I went to the Museum at FIT to see the exhibit Gothic: Dark Glamour, which is supposedly the first exhibit dedicated to gothic fashion.
I knew the origins of gothic literature but not where gothic fashion sprang from. The exhibit begins with a few Victorian mourning dresses on incredibly small mannequins. The women then apparently weren’t any more than five feet tall with small sloping shoulders and tiny bird bones tightly corseted together. Huge veils and hats topped the outfits like exotic plummage with a swisthing bustle in back, which I imagine made a similar sound to that of pleather. There was a cult of mourning among young widows where the women weren’t allowed to wear anything but black for a year and then gradually could expand their wardrobes to include violets and grays.

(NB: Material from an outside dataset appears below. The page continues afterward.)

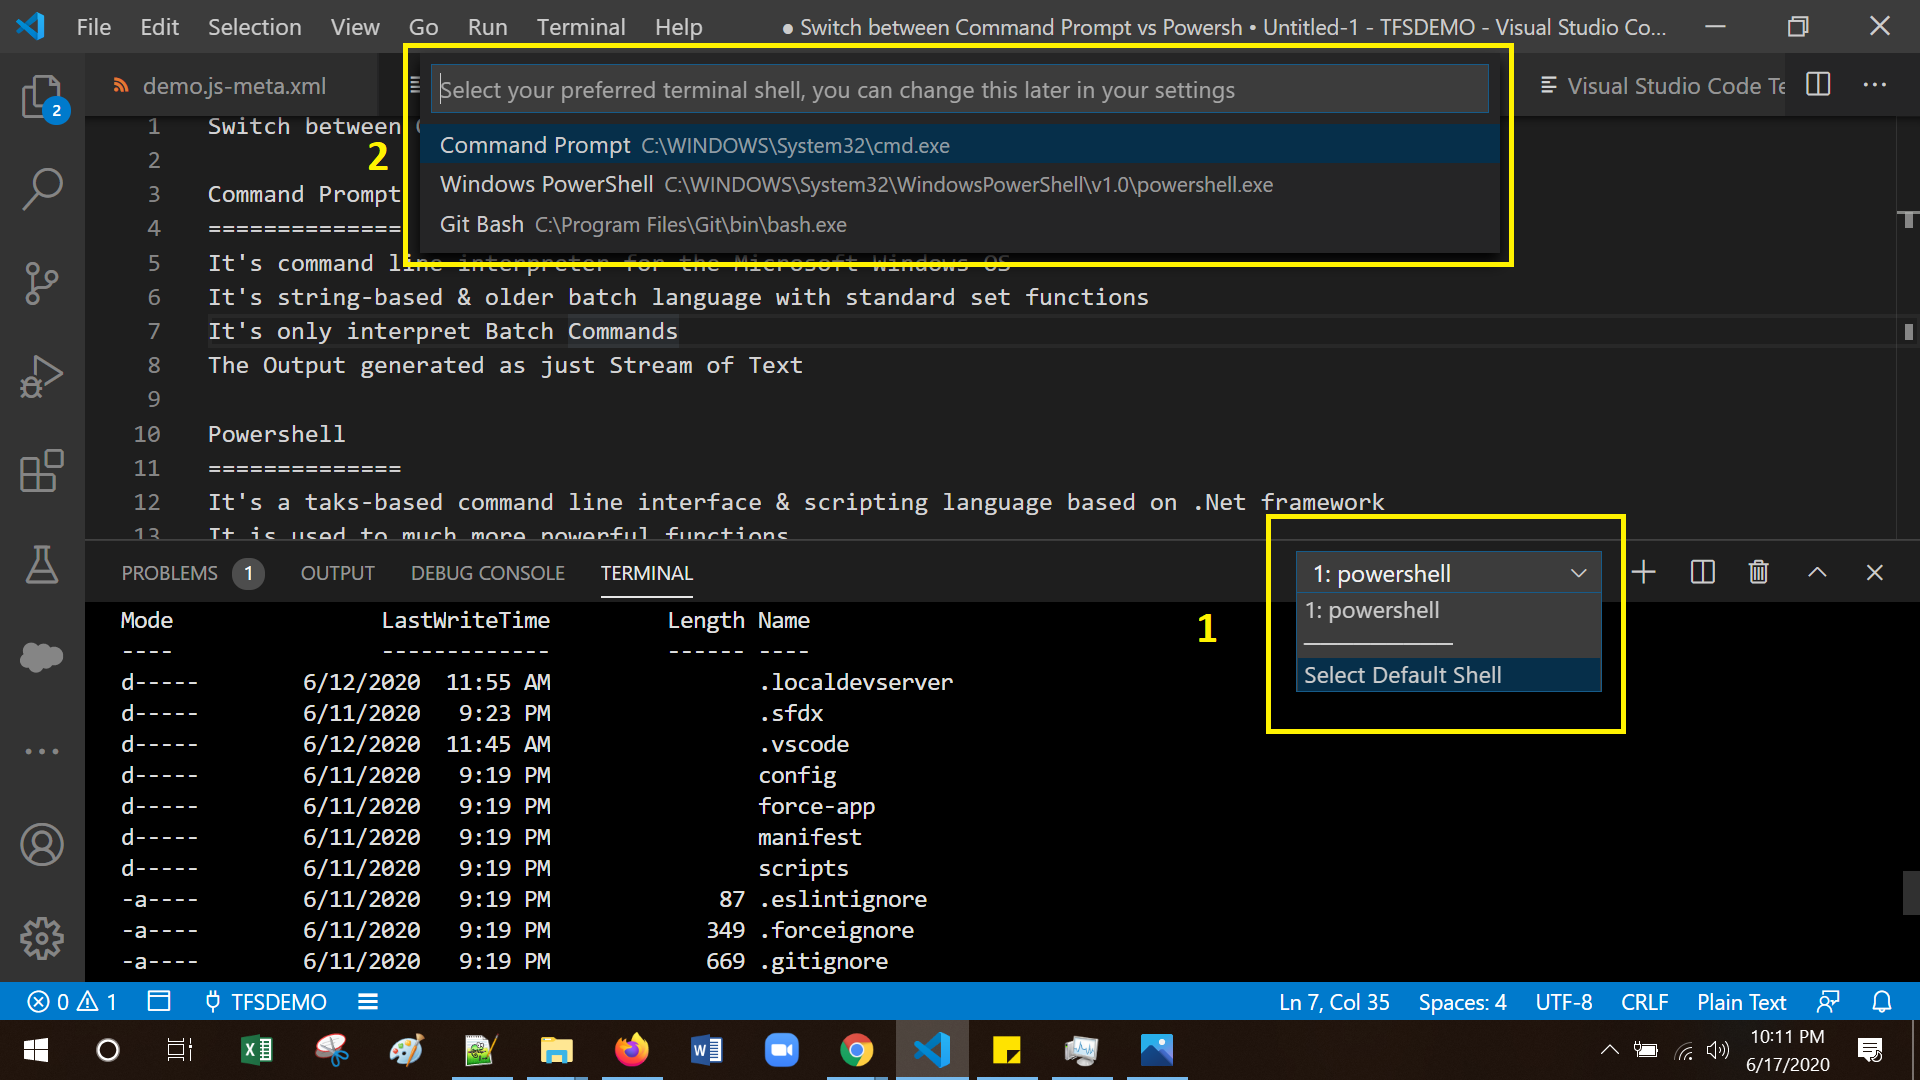 Visual Studio Code Tips - Switch between Command Prompt vs Powershell in  Visual Studio Code Terminal

This cult of mourning was only available to the well-to-do widows–as my friend Susan says, “Goth is expensive”–but I like it that these young ladies were able to find a solidarity in death. And I don’t think it was trivial that they expressed this idea through fashion.

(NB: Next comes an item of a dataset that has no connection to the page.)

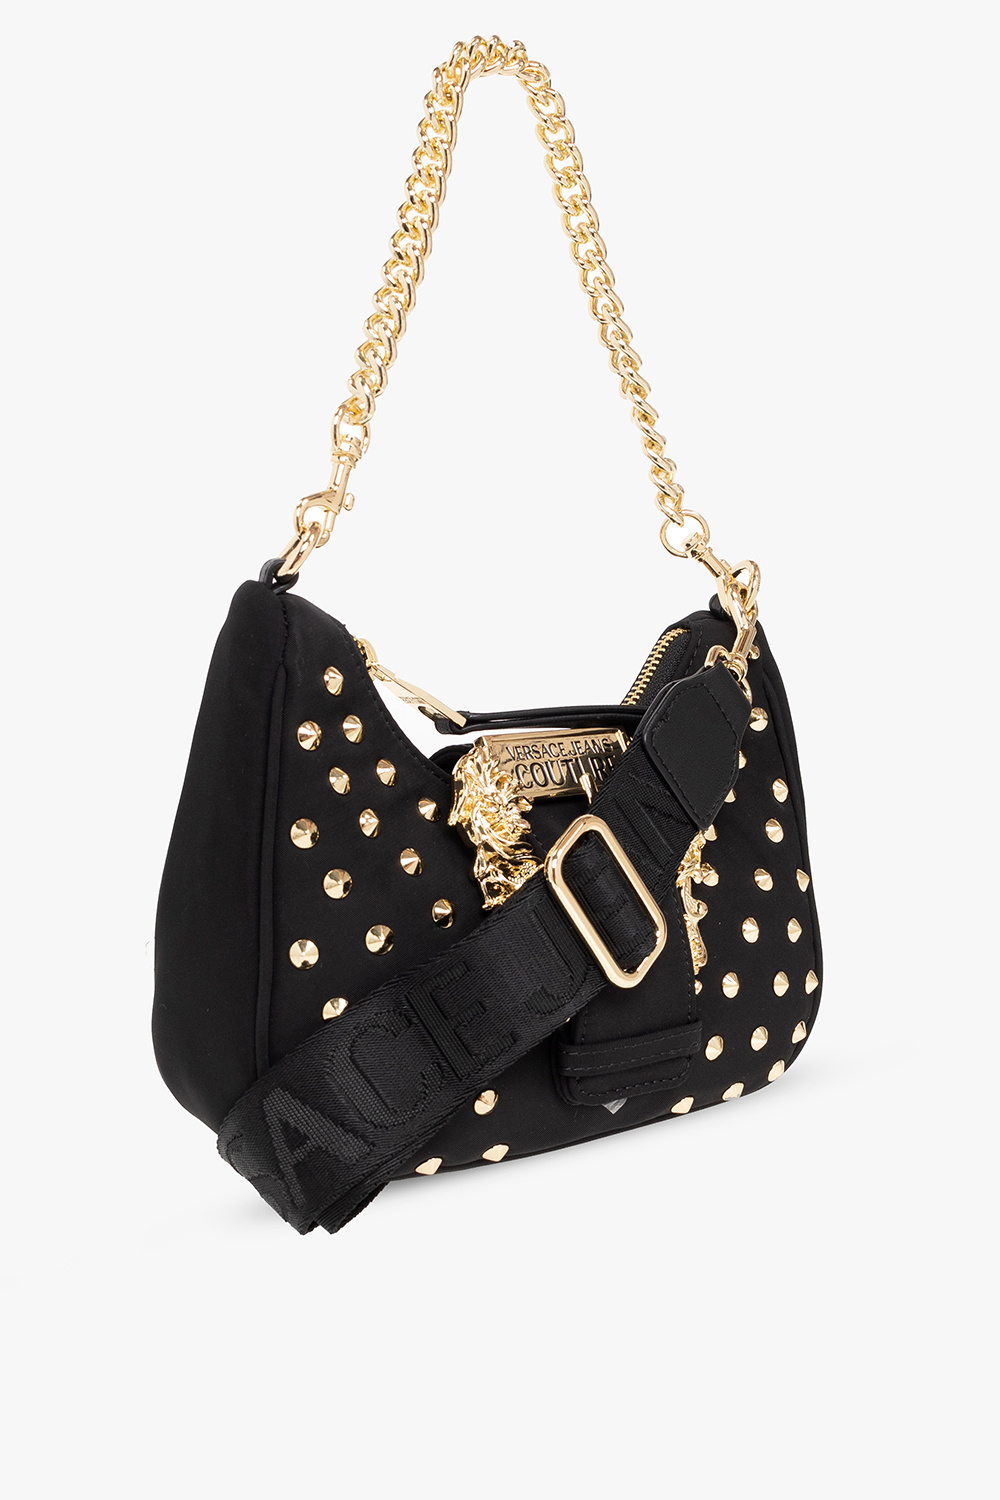 Versace Jeans Couture - Logo-print Cylinder Bag, Designer Travel Bag Duffle  $375

My favorite pieces of the exhibit are two dresses from Rodarte. A sister duo are behind Rodarte, which has grown incredibly popular in the last two years. There was a great article about the team in The New York Times Magazine a few weeks ago, and the sisters seem like such innocent, unassuming creatures compared to fashion divas like Karl Lagerfeld and Donatella Versace. They remind me of the siblings from Edgar Allan Poe’s The Fall of the House of Usher, communicating in a secret, psychic language that only they can understand.